HAProxy is an event-driven, non-blocking engine combining a proxy with a very fast I/O layer and a priority-based, multi-threaded scheduler. As it is designed with a data forwarding goal in mind, its architecture is designed to operate in a lightweight process which is optimized to move data as fast as possible with the least possible operations. It focuses on optimizing the CPU cache efficiency by sticking connections to the same CPU as long as possible. As such it implements a layered model offering bypass mechanisms at each level ensuring data doesn't reach higher levels unless needed. Most of the processing is performed in the kernel. HAProxy does its best to help the kernel do the work as fast as possible by giving some hints or by avoiding certain operations when it guesses they could be grouped later. As a result, typical figures show 15% of the processing time spent in HAProxy versus 85% in the kernel in TCP or HTTP close mode, and about 30% for HAProxy versus 70% for the kernel in HTTP keep-alive mode.

HAProxy has additional features of load balancing also. For example, the TCP proxying feature allows us to use it for database connections especially for PostgreSQL using its built-in check service support. Even though there's database service support, it does not suffice the desired health check especially for a replication type of cluster. The standard approach when deploying it for production is to use TCP check, then depend on xinetd with HAProxy.

Pros of Using HAProxy for PostgreSQL

The best thing with HAProxy is its lightweight, easy to configure and use, and it does the job as expected. Using HAProxy on top of a PostgreSQL cluster has been implemented and deployed multiple times from large organizations to various SME's/SMB's for their production use. It has been long proven for production and high workload capacity not only for databases but even with other network services such as web applications or for geo-load balancing (distribute traffic across multiple data centers). Having HAProxy on top of PostgreSQL, it allows users the capability to throttle or limit responses to parallelize and distribute the load properly to all available nodes in the cluster. The built-in mechanism with HAProxy also allows the user to setup high availability seamlessly and easier to scale if load is needed and avoid single point of failure (SPOF).

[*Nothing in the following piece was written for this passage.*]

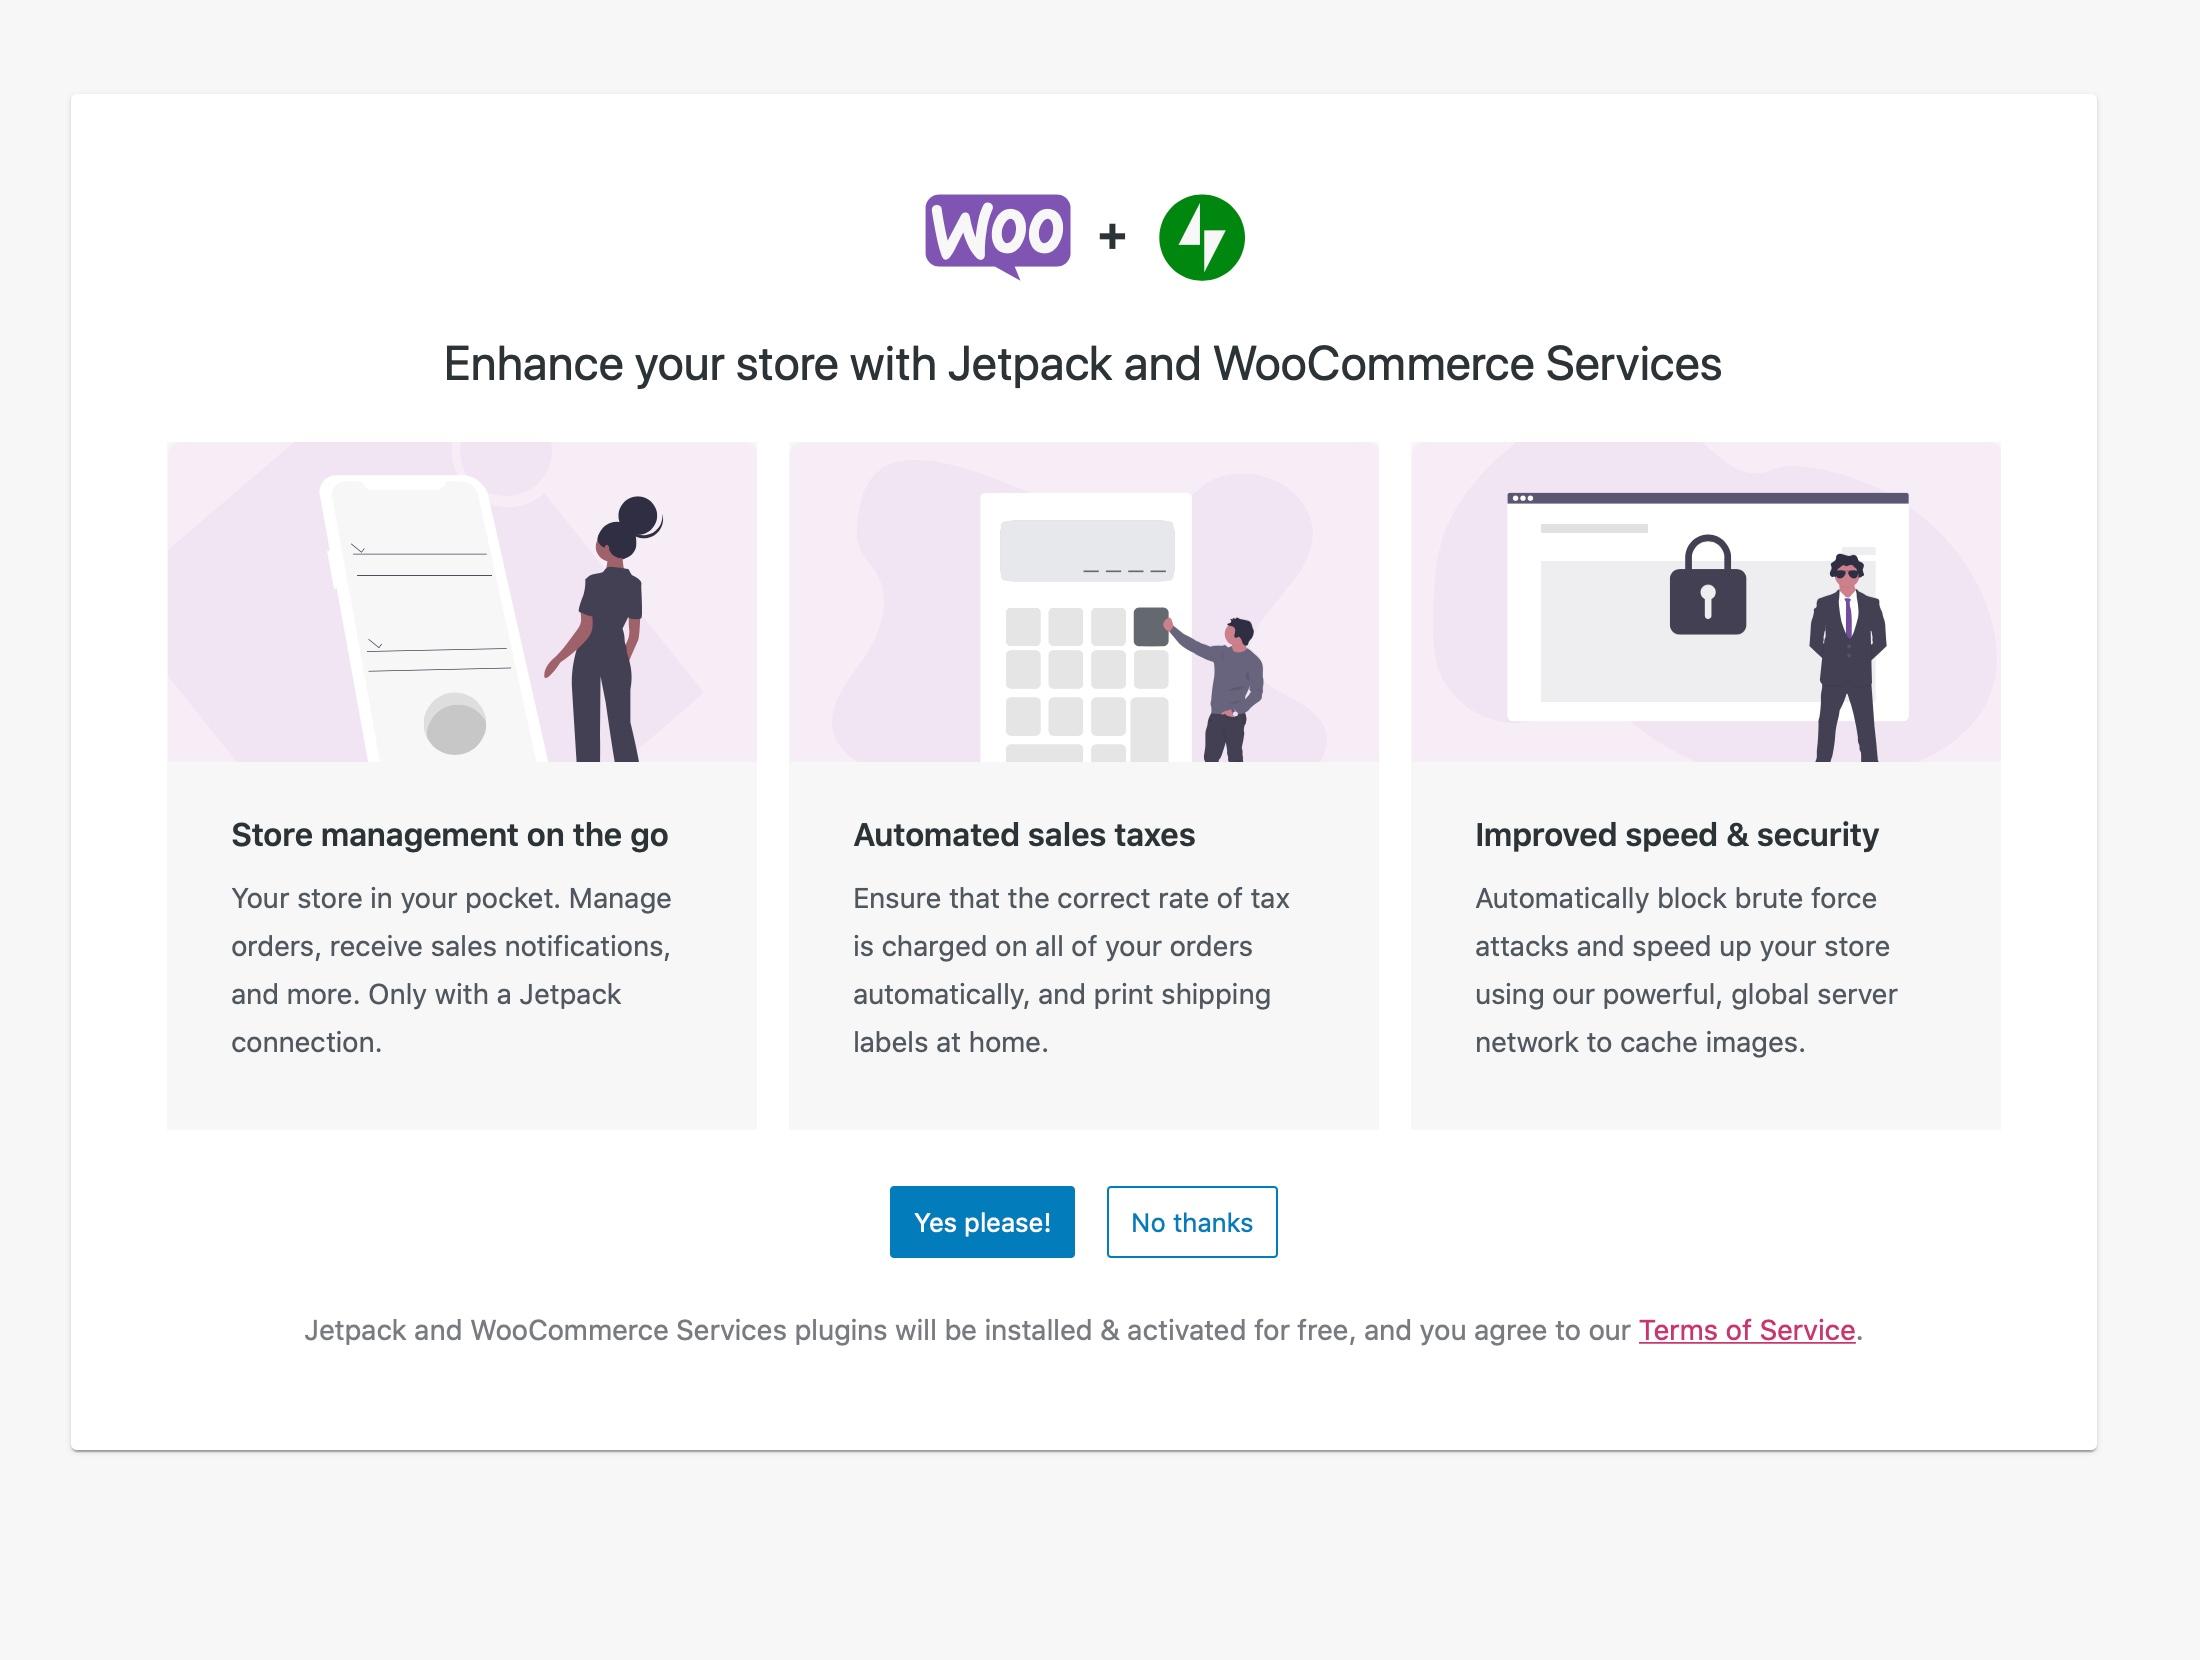 WooCommerce installieren - in fünf Minuten zum Onlineshop auf WordPress-Basis 4

Cons of Using HAProxy for PostgreSQL

HAProxy does not provide query filtering nor does query analysis to identify the type of statements being requested. It lacks the ability to perform a read/write split on a single port. Setting a load balancer on top of HAProxy requires that you have to at least setup different ports for your writes and different ones for your reads. This requires application changes to suit your needs. 

HAProxy also does a very simple feature support with PostgreSQL for health check, yet this only determines if the node is up or not, as if it's just pinging the node and waits for a bounce back response. It does not identify what role a node it is trying to forward the requested connections from the client to the desired node. Therefore, it does not understand or no feature in HAProxy to understand the replication topology. Although, a user can create separate listeners based on different ports but still it adds changes within the application to satisfy the load balancing needs. This means that either using an external script with xinetd can be the workaround to fill up the requirements.Still, it is not integrated to HAProxy and can be prone to human error.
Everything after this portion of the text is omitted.